- Exercise instructions:
If a line below falls between the line with "Make bets by" and the line with "CBSE Class 12", or is one of those two, output it exactly; output nothing else and no pictures.

- Records shown:
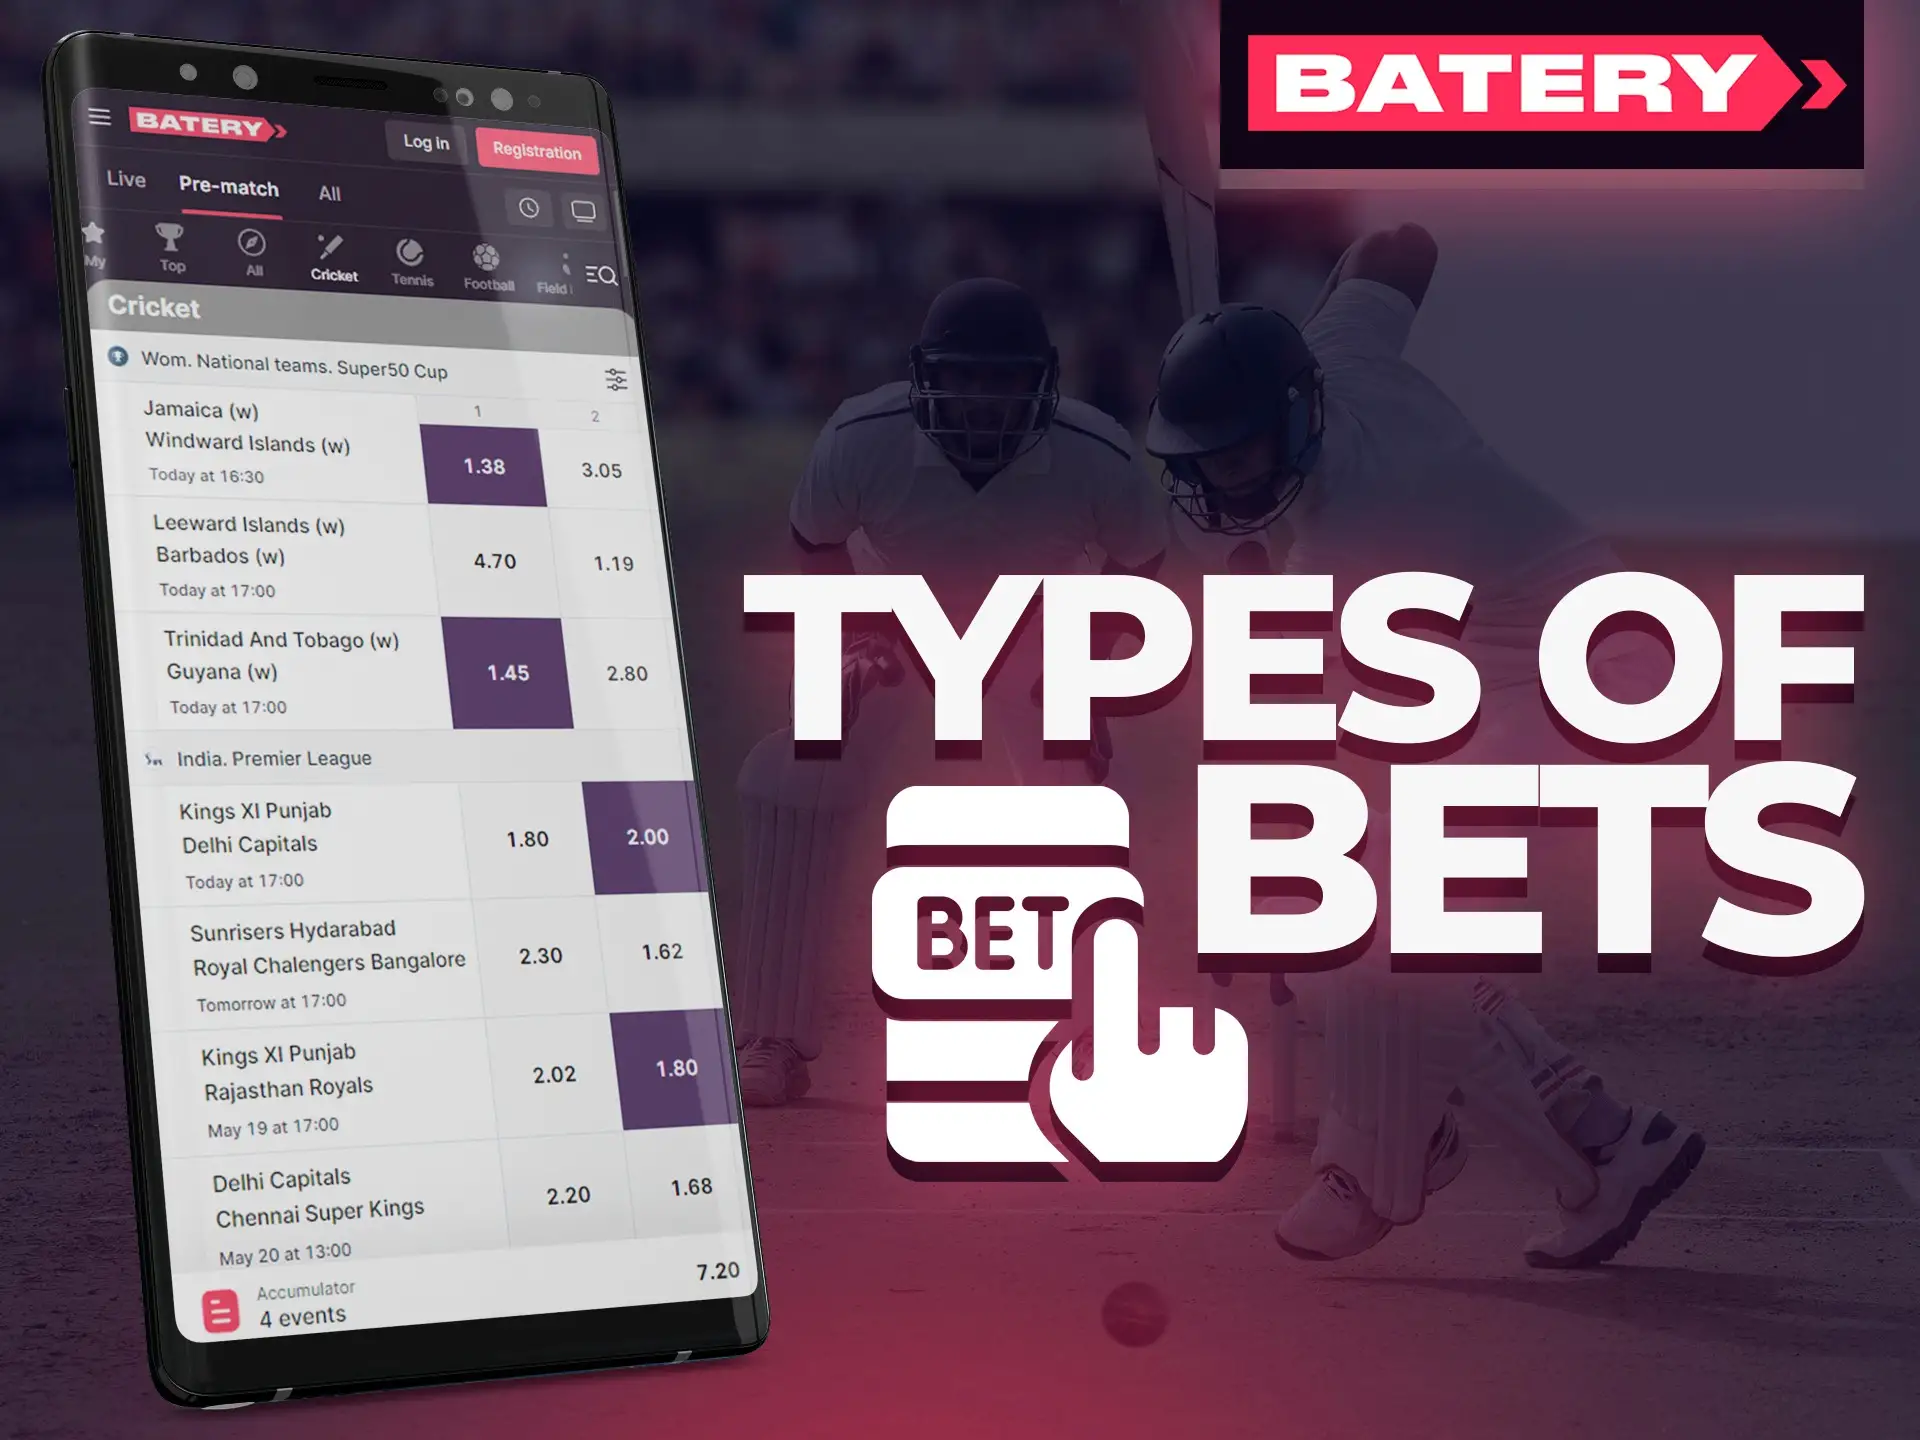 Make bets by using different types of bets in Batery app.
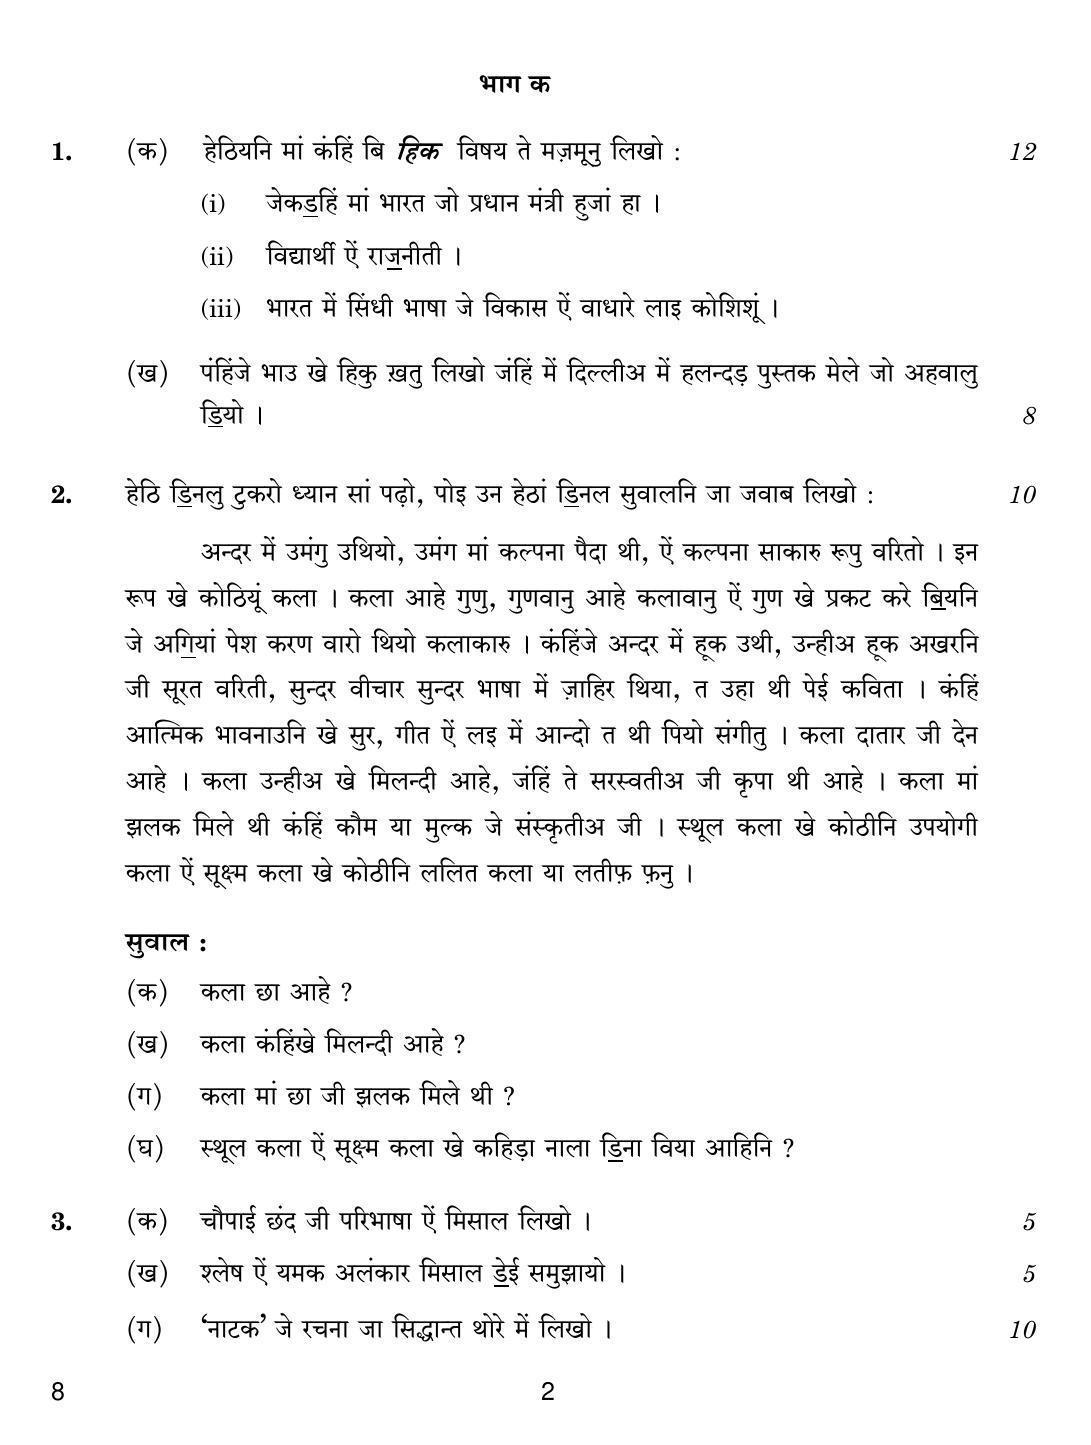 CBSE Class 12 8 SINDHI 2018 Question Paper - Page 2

* * *

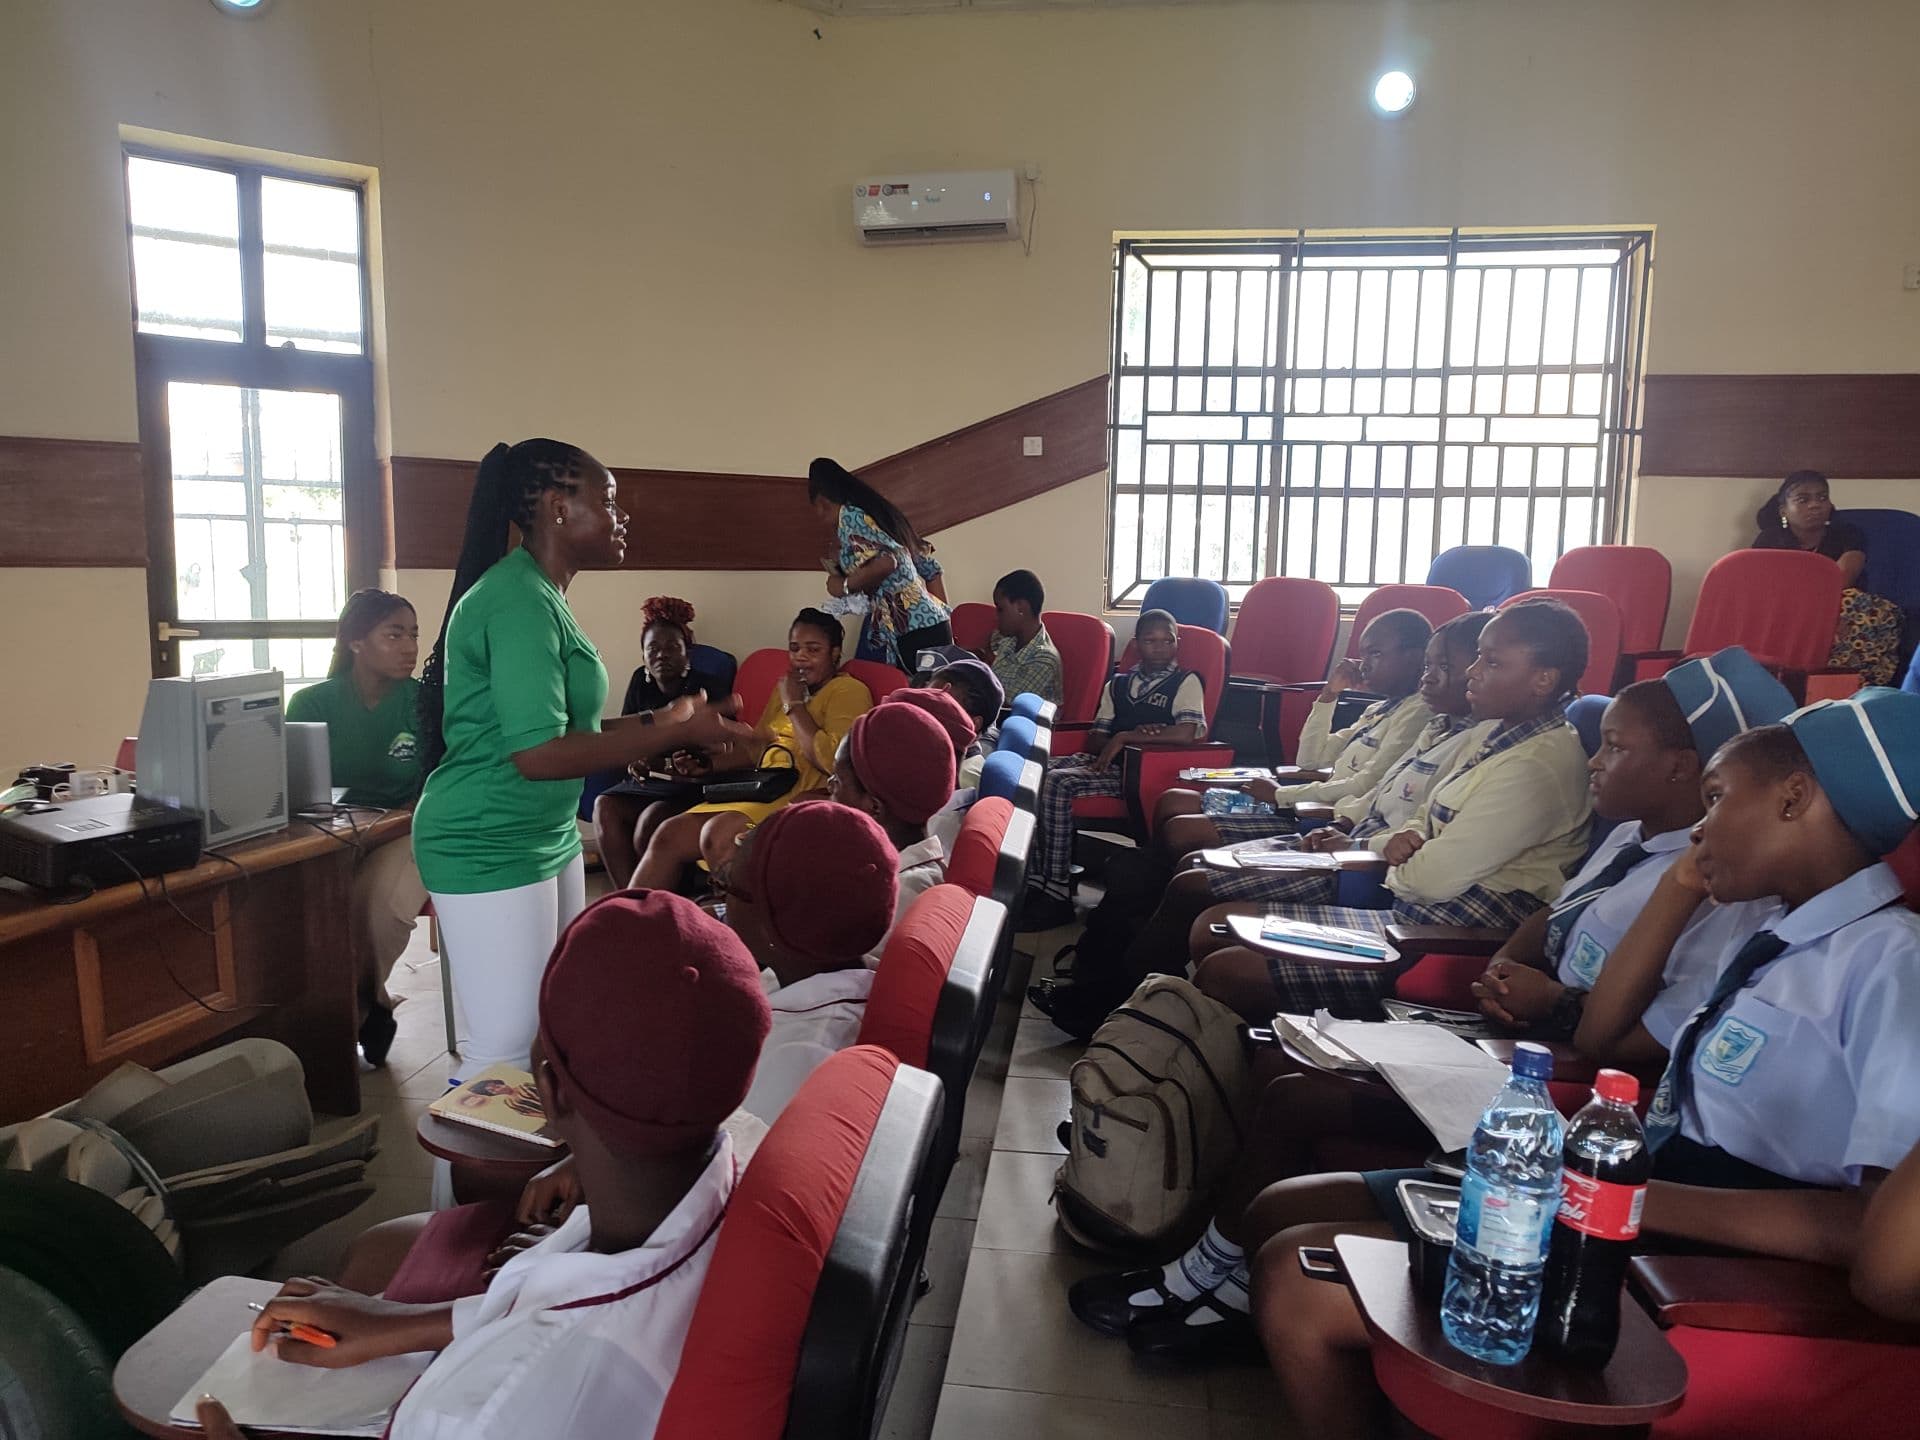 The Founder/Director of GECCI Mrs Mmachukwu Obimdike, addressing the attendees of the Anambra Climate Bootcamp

...

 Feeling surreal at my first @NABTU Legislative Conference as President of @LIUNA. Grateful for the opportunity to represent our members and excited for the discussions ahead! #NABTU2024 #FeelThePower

- Reply:
 Make bets by using different types of bets in Batery app.
 CBSE Class 12 8 SINDHI 2018 Question Paper - Page 2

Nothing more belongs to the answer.